For investigating how users process and evaluate the items returned in response to a query, important work has been done with eye-tracking experiments [Granka, Joachims, and Gay 2004]. One of the findings of this work is that users spend much more time looking at the results in the top five of the result list (especially the first and second result) than at the results in position six to ten. In the case of federated search, search results come from multiple information sources (so-called “verticals”) and are presented to the user in one result page. It is interesting to study how users interact with the combined result page [Ponnuswami, Pattabiraman, Wu, Gilad-Bachrach, and Kanungo 2011] and what the differences are in user behaviour for results from the different verticals [Spink and Jansen 2006]. Ponnuswami et al. [Ponnuswami, Pattabiraman, Wu, Gilad-Bachrach, and Kanungo 2011] address the challenge of “page composition”, where the goal is to create a combined result page with the most relevant information from the different verticals.

Query reformulation patterns will be addressed again in Section 5.2.d, and result-page composition in Section 3.

3. About RemBench

RemBench connects four existing databases. The first two are RKDartists and RKDimages, two art historical databases maintained by the Netherlands Institute for Art History (RKD)[3]. RKDartists is a database of biographical information about Dutch and foreign artists from the middle ages to the present day. RKDimages is a database with descriptions and images of mainly Dutch paintings, drawings, prints and original photos from before the Second World War. For RemBench, a selection of records from the RKD databases was made that only includes artists and images that are related to Rembrandt van Rijn. The starting point for this selection was the record of Rembrandt himself in RKDartists. In the selection of artists, all artists were included that are mentioned in the Rembrandt record (either as “pupil of”, “teacher of”, “followed by”, “influenced by” or “had influence on”). In the selection of images, all works of art from RKDimages were included that have been created by one of the artists in the artist selection. The resulting selection consists of 1,857 works of art and 59 artists.

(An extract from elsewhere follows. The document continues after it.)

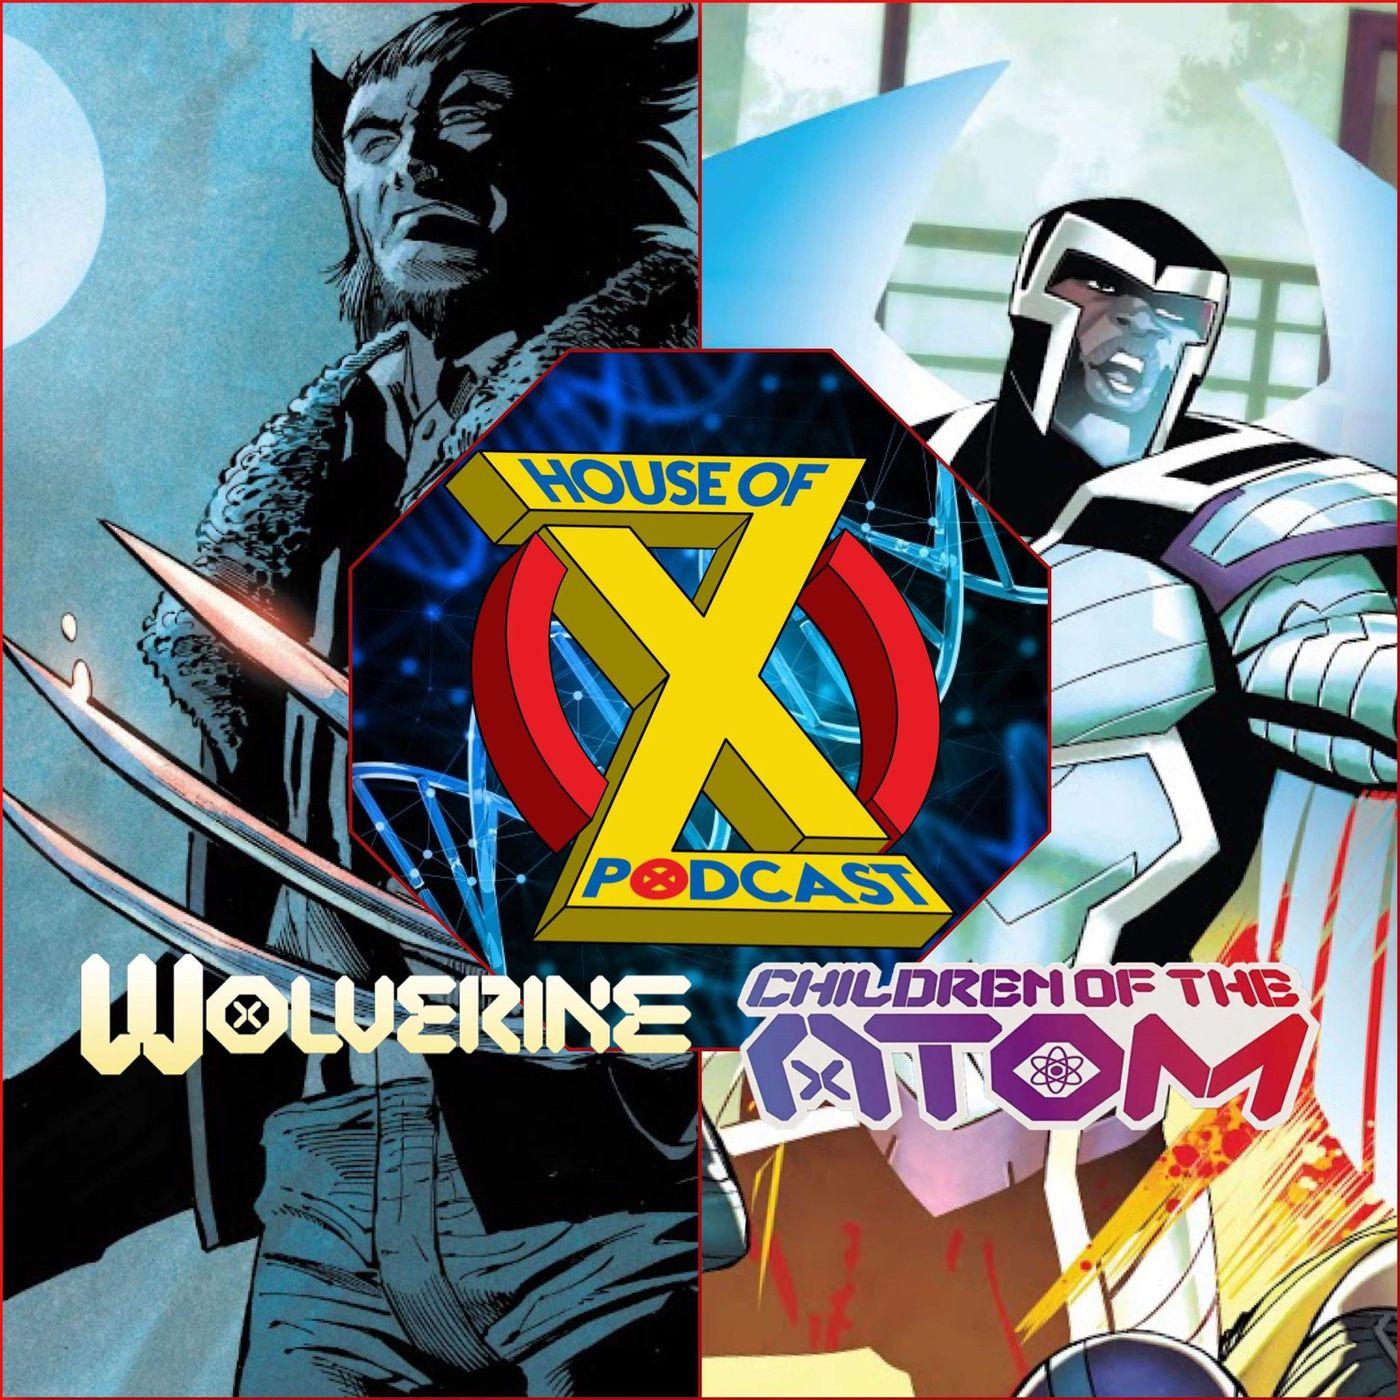 Episode 62 - Vampires and Young X-Men

The third database connected to RemBench is RemDoc,[4] the digital collection of primary documents that relate to the life and works of Rembrandt van Rijn. In the RemDoc project, all known documents have been collected and disclosed that relate to Rembrandt, as a person and as an artist, as well as to his ancestors, family, offspring and business partners, from the 15th to 18th centuries. The database contains 2,003 documents. Since all these are related to Rembrandt, all were included in RemBench.

The fourth database in RemBench is a university library catalogue, digitized and disclosed through the RUQuest[5] system, a library search system that provides access to the full collection of the Radboud University Library, and full-text articles of all journals that Radboud University subscribes to. From the data available through RUQuest, a selection was made that is defined by all records that are returned for the query “Rembrandt” (68,958 records in total).

The RemBench project consisted of two phases: First, the metadata of the four databases were connected by mapping them onto one common metadata scheme. Second, a search engine was developed to disclose the data in these databases. The technology for faceted search and free text search that allows the user to search all databases at once was developed by the Huygens Institute for the History of the Netherlands using Apache Solr.[6] The four databases were treated as four separate verticals in the interface, not merging the results in one result list. The main reason for that decision came from the art historians in the research team: They argued that four different groups of results would be more clear to the user. By doing so, the challenge of ranking the results from the different verticals relative to each other [Ponnuswami, Pattabiraman, Wu, Gilad-Bachrach, and Kanungo 2011] was avoided. In the user interface, the verticals are labelled “Works of art” (group of results from RKDimages), “Artists” (group of results from RKDartists), “Primary Sources” (group of results from RemDoc), and “Library Sources” (group of results from RUQuest). In every vertical, maximally five results are shown on the front page. To see more results (in an overlay screen), the user has to click “More”.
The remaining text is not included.